Most of the books I’ve been wanting to write about and not getting around to are nonfiction, and I’m not sure why this is. It might be because both good and bad nonfiction are easier to write about than good fiction. Good fiction demands attention and time, which are in chronically short supply for me and virtually everyone else. So I foolishly put off writing about good fiction and instead spread time among lesser though still interesting vessels (this post comes as a followup to Nonfiction, fiction, and the perceived quality race, which got started from the question, “The quality of fiction seems to be decreasing relative to the quality of non-fiction, or am I just biased against active fiction writers vs. dead ones?”).
I expend a lot of my time thinking about good fiction in the context of making my own novel writing better, instead of writing about what makes good fiction good on this forum. So even though I think a lot about good novels, I write about them in a different context. For instance, the last novel I finished stole from Alain de Botton’s On Love and Rebecca Goldstein’s The Mind-Body Problem; I’ve written about both books here, but not nearly to the proportion I’ve been thinking about.

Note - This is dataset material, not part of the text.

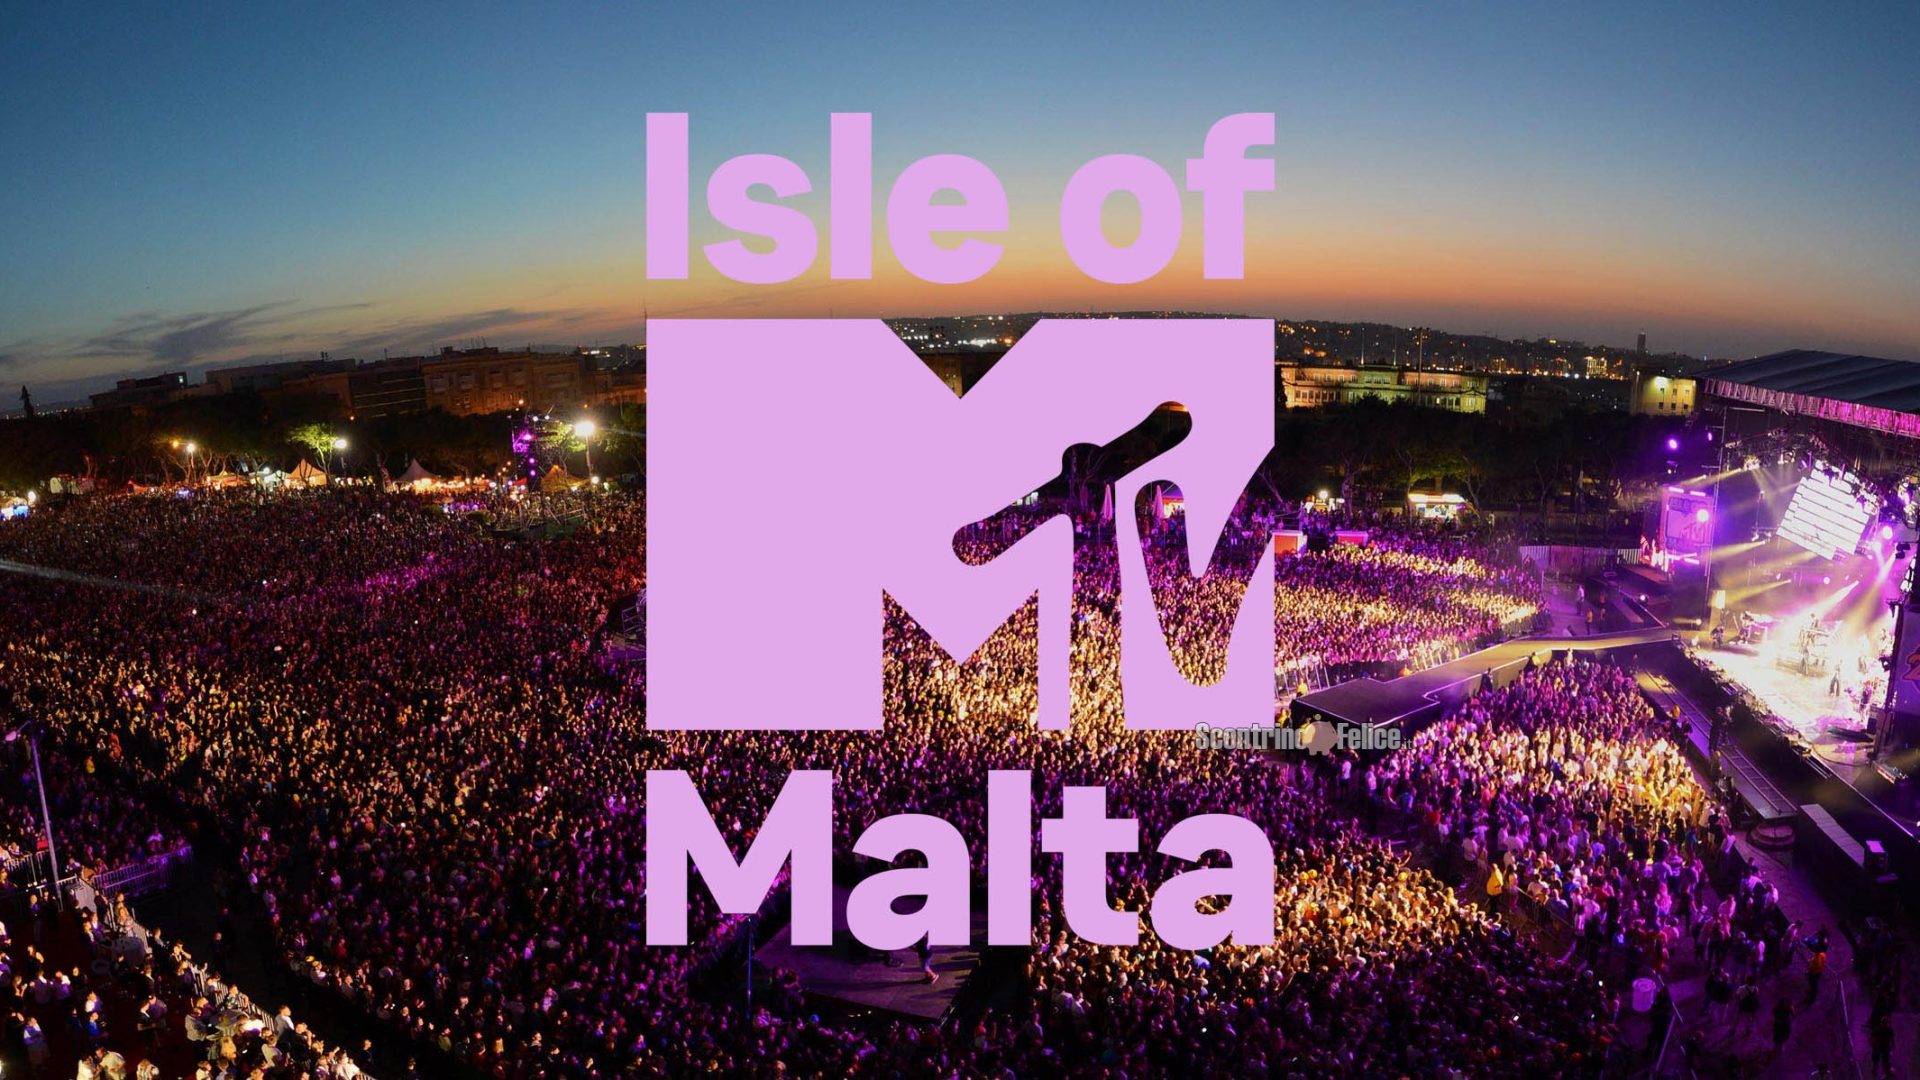 Vinci GRATIS un viaggio a Malta con Isle of MTV

Alas: the novel I wrote got the most encouraging rejections, many along the lines of “I like it but can’t sell it.” If it had sold and eventually been published, I think it would be much easier for me to write about novels I care deeply about.
Even so, there are a bunch of novels—a couple by Michel Houellebecq, Elmore Leonard’s latest, Brady Udall’s The Lonely Polygamist, more about Robertson Davies—I mean to write about, but but they’re outnumbered by nonfiction. This might seem strange, coming from a person in English graduate school, where we study nonfiction all the time, and when we study fiction, it’s often more like studying nonfiction than we care to admit.

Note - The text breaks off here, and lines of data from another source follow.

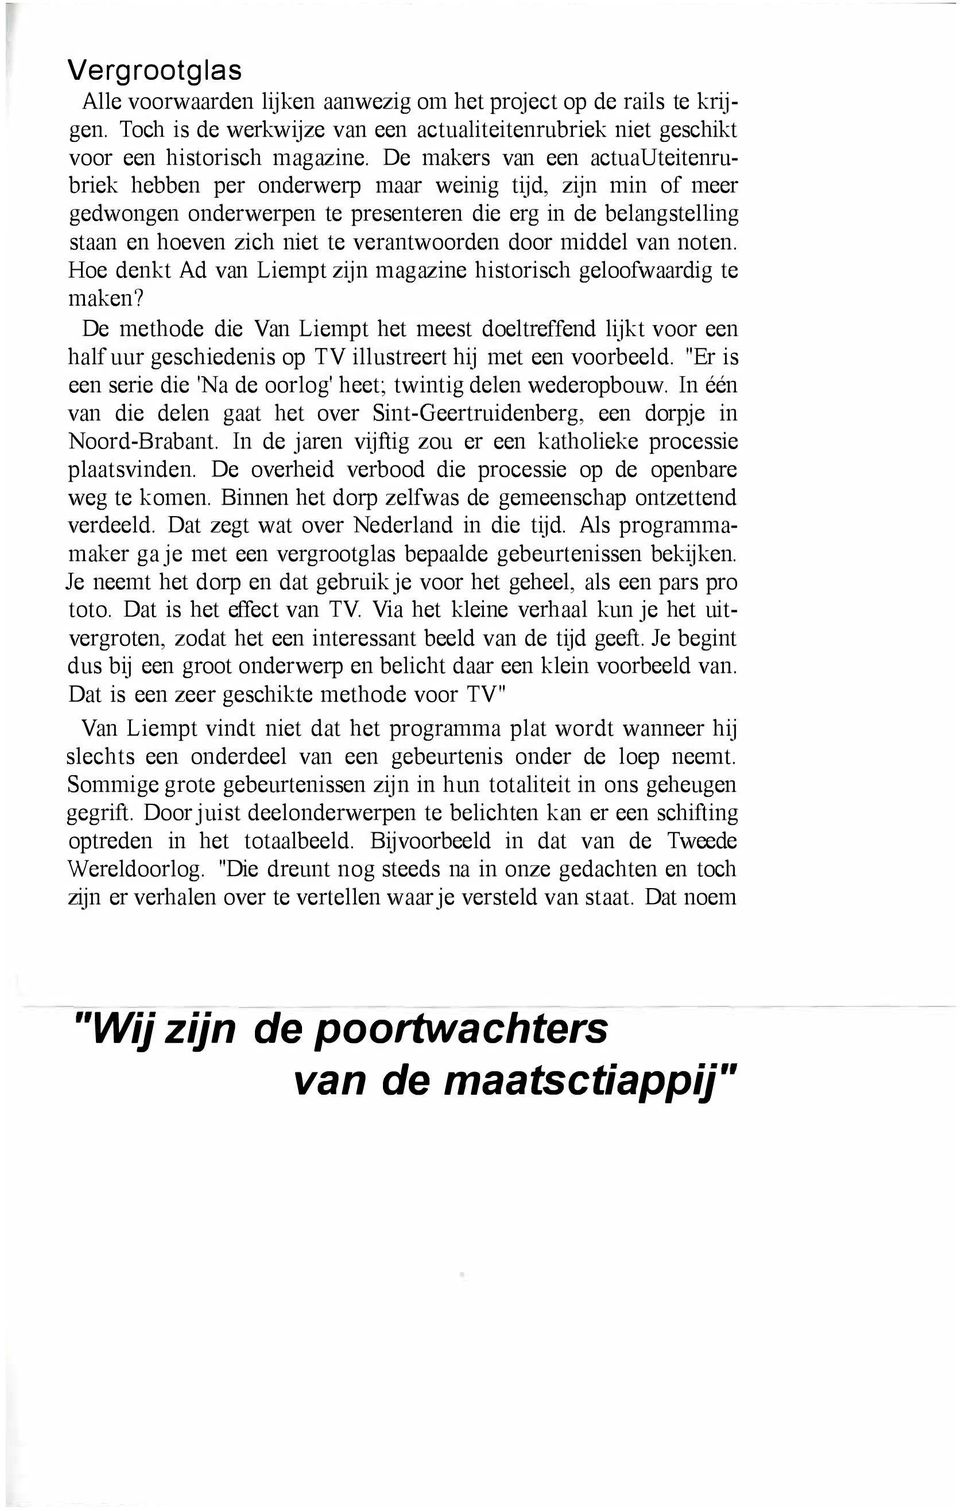 verantwoorden door middel van noten. Hoe denkt Ad van Liempt zijn magazine historisch geloofwaardig te maken?
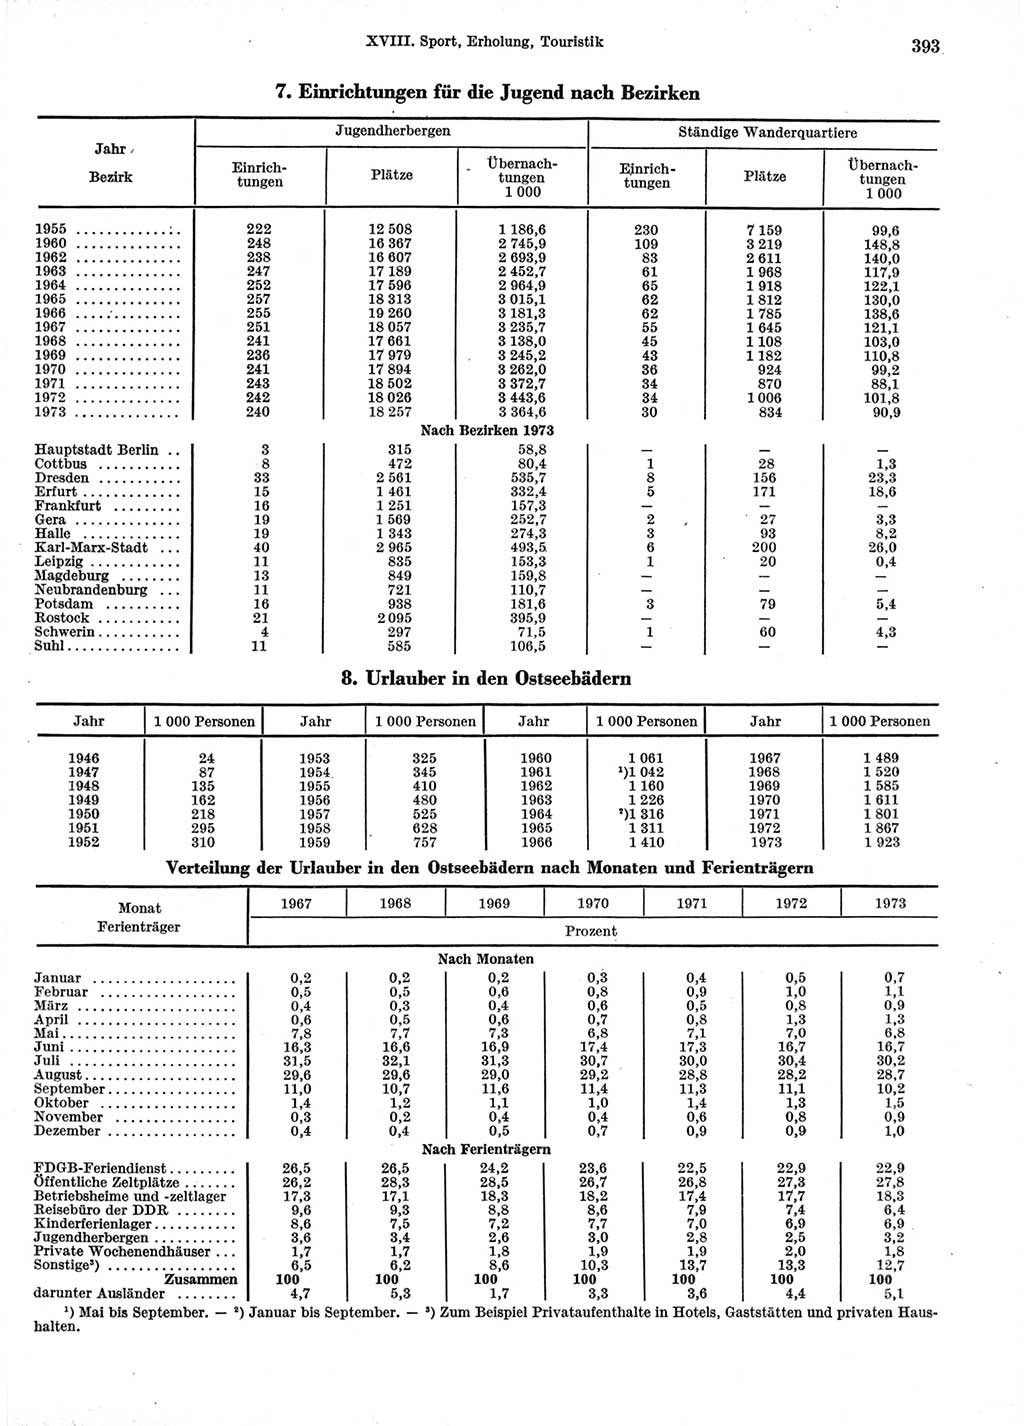 Statistisches Jahrbuch der Deutschen Demokratischen Republik (DDR) 1974, Seite 393 (Stat. Jb. DDR 1974, S. 393)
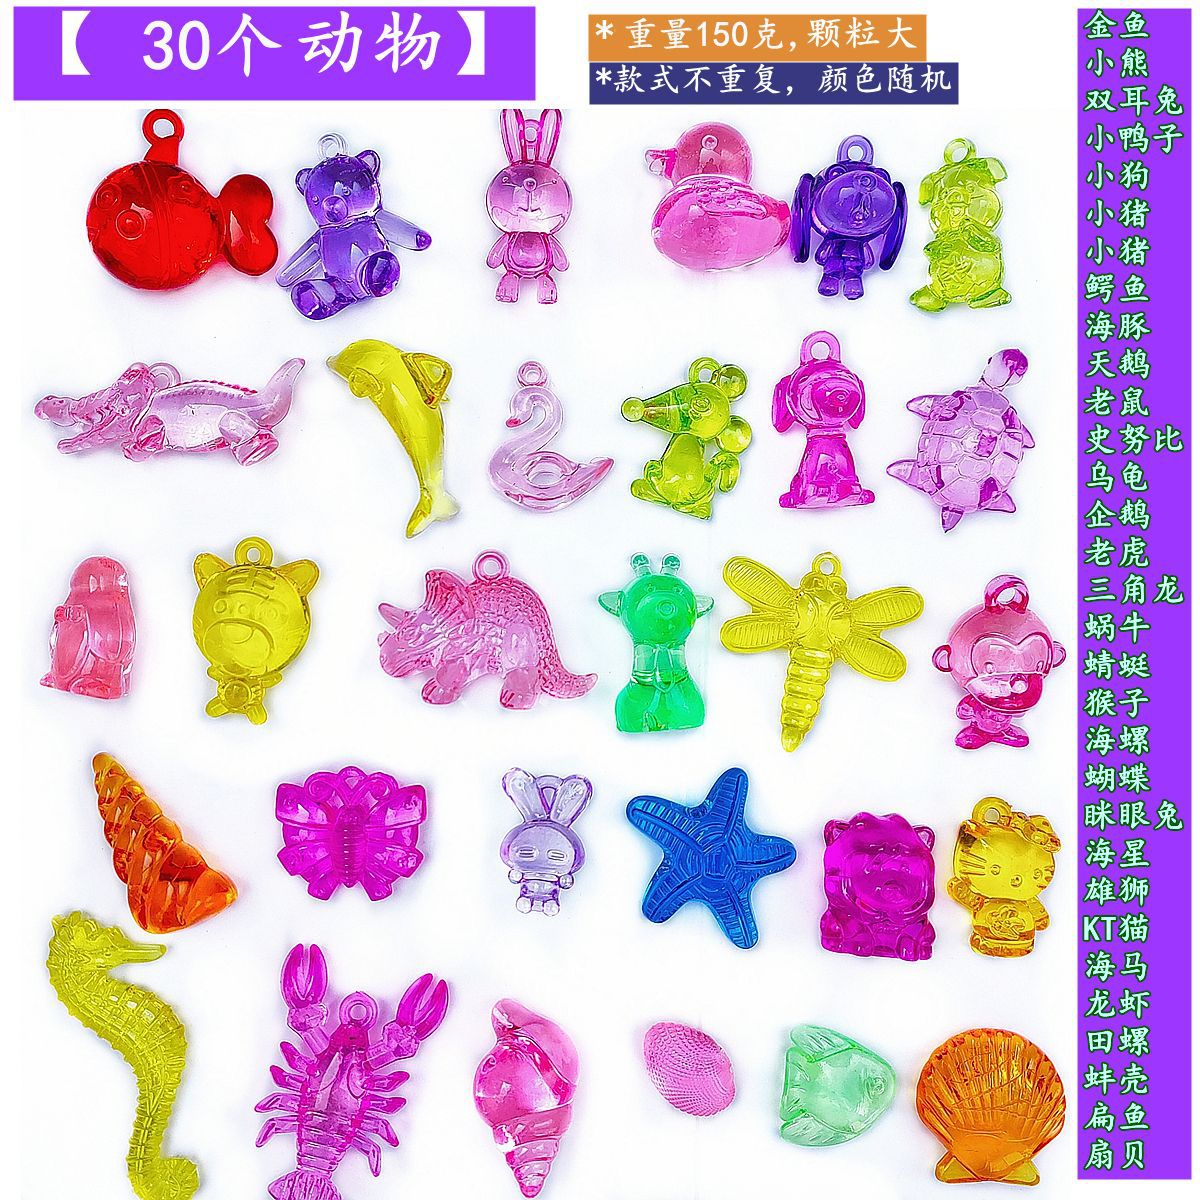 公主宝石玩具/儿童女孩玩具产品图

I also simply don’t read as much fiction as I used to; I wonder if fiction is most useful to the young (who are trying to figure out who they are and how the social world works) and the old (who are trying to figure out what this crazy thing they just did actually means). A lot of people in the middle don’t appear to derive as much immediate benefit from reading fiction, although I have no data on this idea.
Finally, I can often read nonfiction much faster than fiction. This isn’t a change, but it is true: nonfiction often telegraphs where it’s going, which makes skipping large sections easier. Being able to read faster also indicates that too many books are too long, as Cowen has argued in various places, but it nonetheless means I very seldom have to invest as much in deep, close reading. I wish more nonfiction books rose to the level of deep, close reading, but few do, relative to good fiction.